This is a day when conservatives like me feel we have no dog in the fight. Rep. Paul Ryan's budget proposal, announced Tuesday, is trumpeted by the mainstream right as a "genuine cause for hope." Great. More hope. That's all we need.
Even if it's assumed the budget is arithmetically sound, true conservatives need to be clear about what we're being asked to assent to. We're being asked to assent not to an alternative to top-down, paternalistic liberal orthodoxy, but rather to a competing version of it. When a nationally prominent politician describes the social safety net as a "hammock," make no mistake.
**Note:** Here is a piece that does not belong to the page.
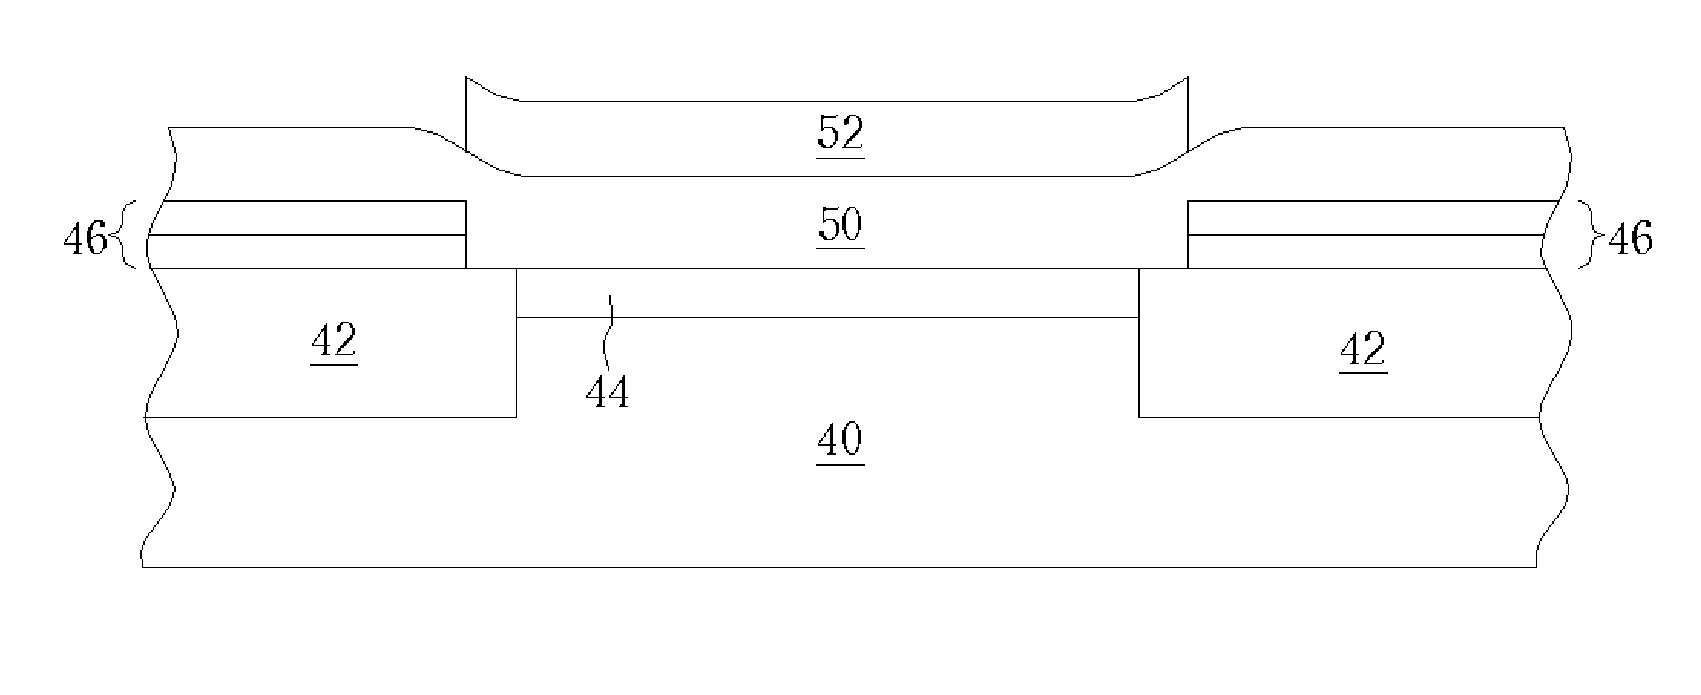 Method of fabricating a bipolar junction transistor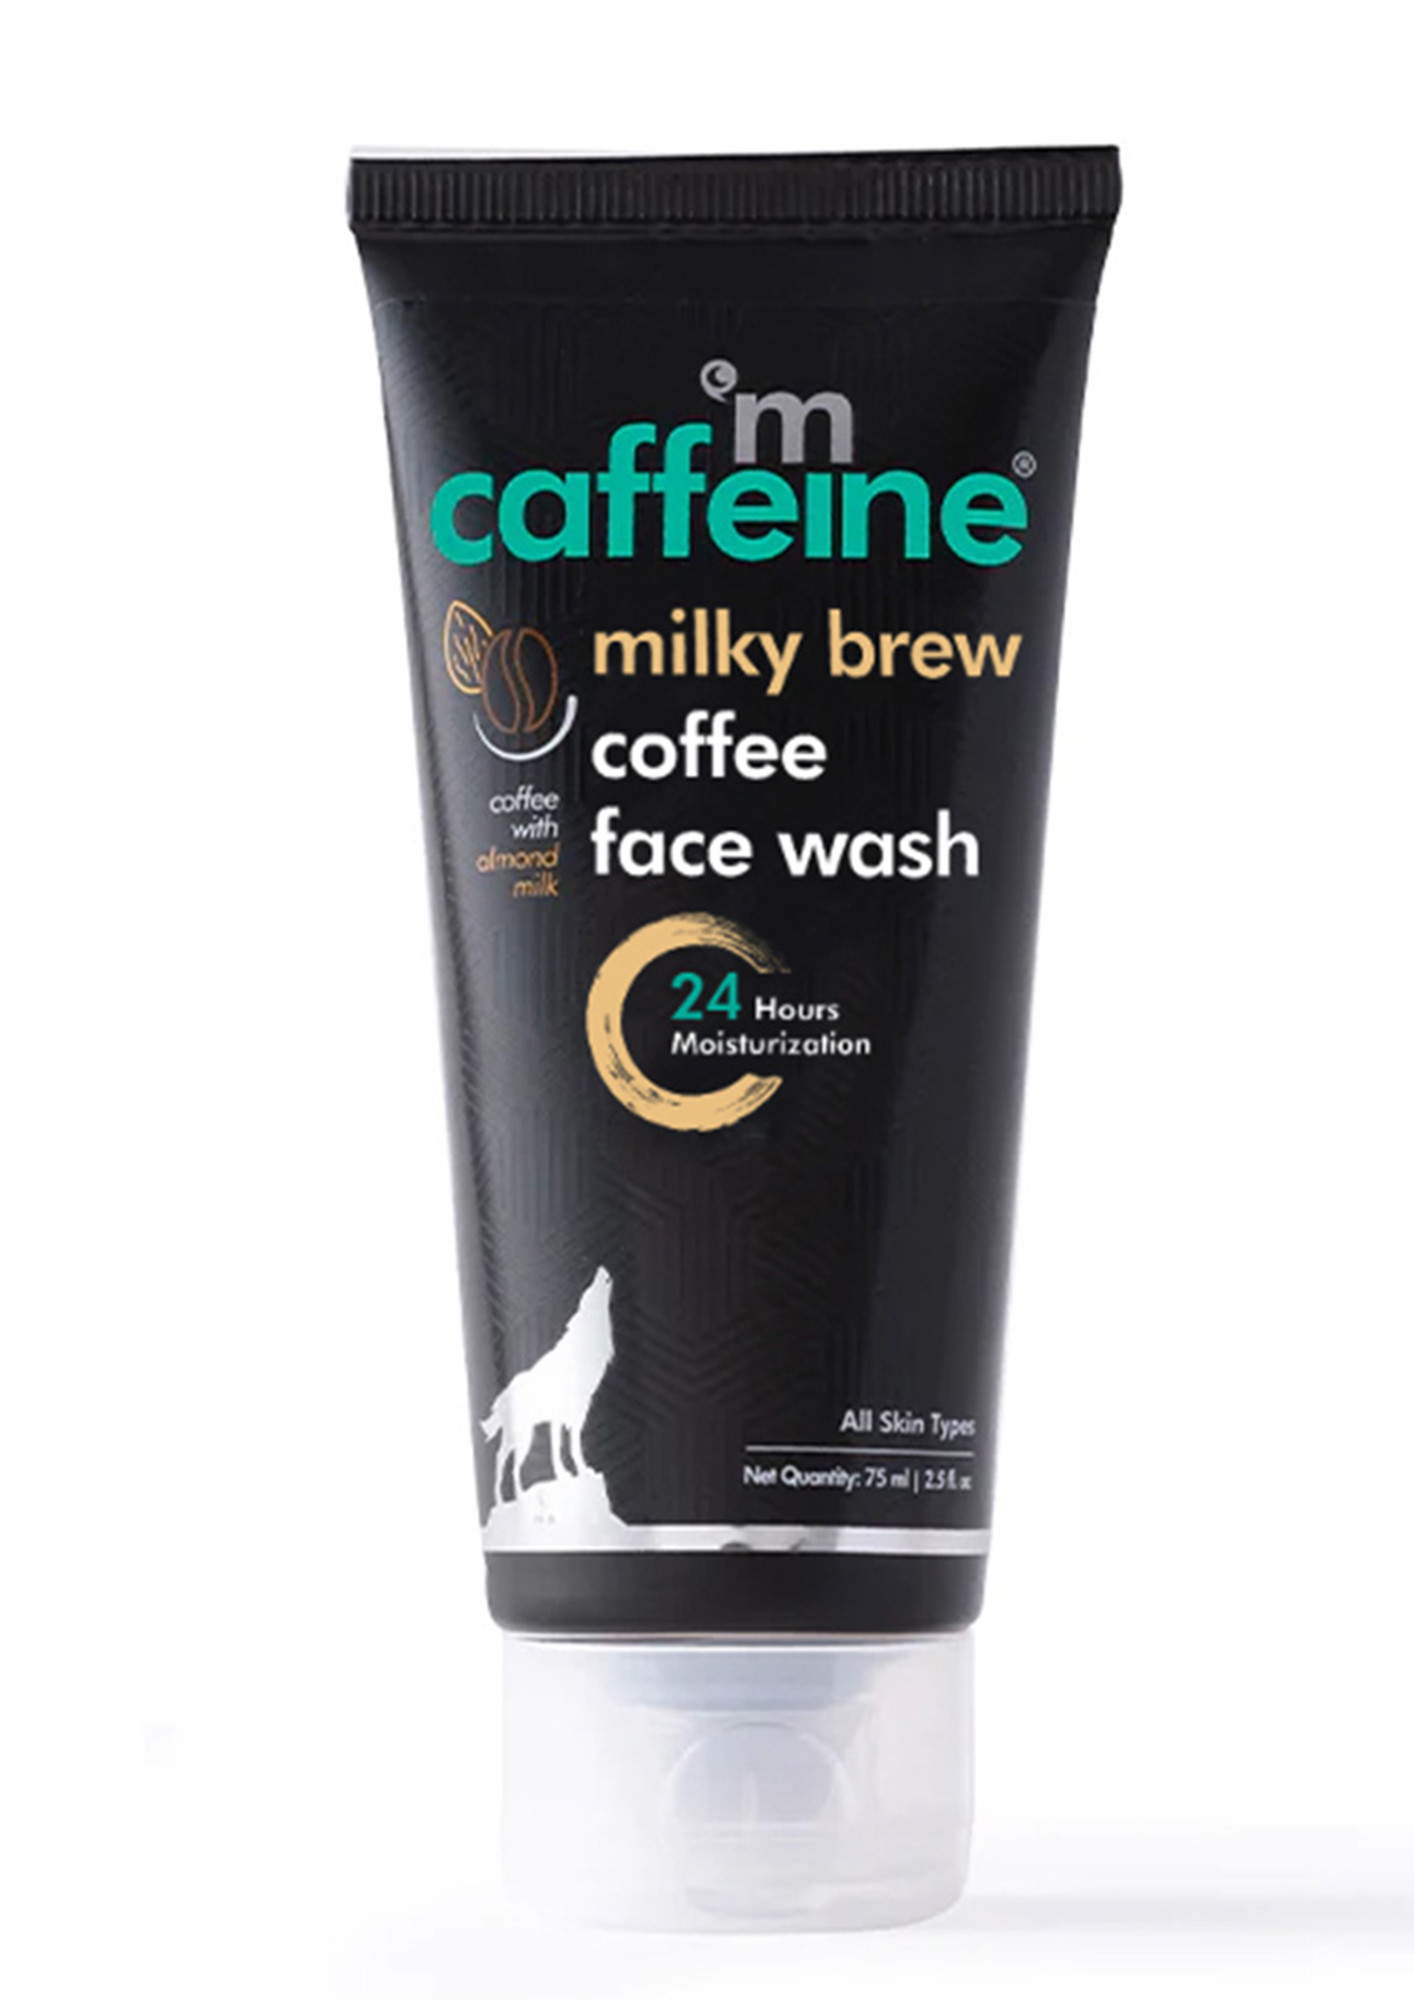 MCaffeine Coffee & Milk Face Wash for 24Hr Moisturization - Soap Free Cleanser with Shea Butter & Almond Milk

He's not trying to eliminate the bullying bureaucrats of the managerial state; he's seeking to shove him aside and replace him.
Replacing one's notion of Nanny with a sterner Daddy will not restore the prelapsarian paradise of Adam Smith's Invisible Hand and Friedrich von Hayek's Spontaneous Order—because those paradises never existed to begin with.
Listen to the wise conservatism—and then rue its absence from our political landscape today—of August Heckscher, whose Confluence magazine essay "Where Are the American Conservatives?" is as relevant today as when it was published in 1953:
The concept of a pure conservatism, its pattern "laid up in heaven," was an illusion; it was in fact the same illusion that had possessed the Liberals and the Utopian democrats through the nineteenth century. That the conservatives should have fallen under its spell was particularly strange, for traditionally the conservatives mistrust an excessive rationalism—they know that the world moves by habit, by values, by inherited faith, quite as much as it moves by getting new ideas. The conservatives, when they are in their right mind, avoid tearing up the roots of something they do not like almost as instinctively as they avoid tearing up the roots of institutions and procedures of which they approve. The fact that American conservatives to so large a measure forgot, or never learned, this healthy prudence and this basic tolerance, I can only attribute to the fact that they had grown so uncontrollably angry. In attacking the New Deal they became inflexible in their thinking, unresponsive to the settled expectations and tacit consents of the great public; and they wanted instead to impose a doctrinaire program of their own.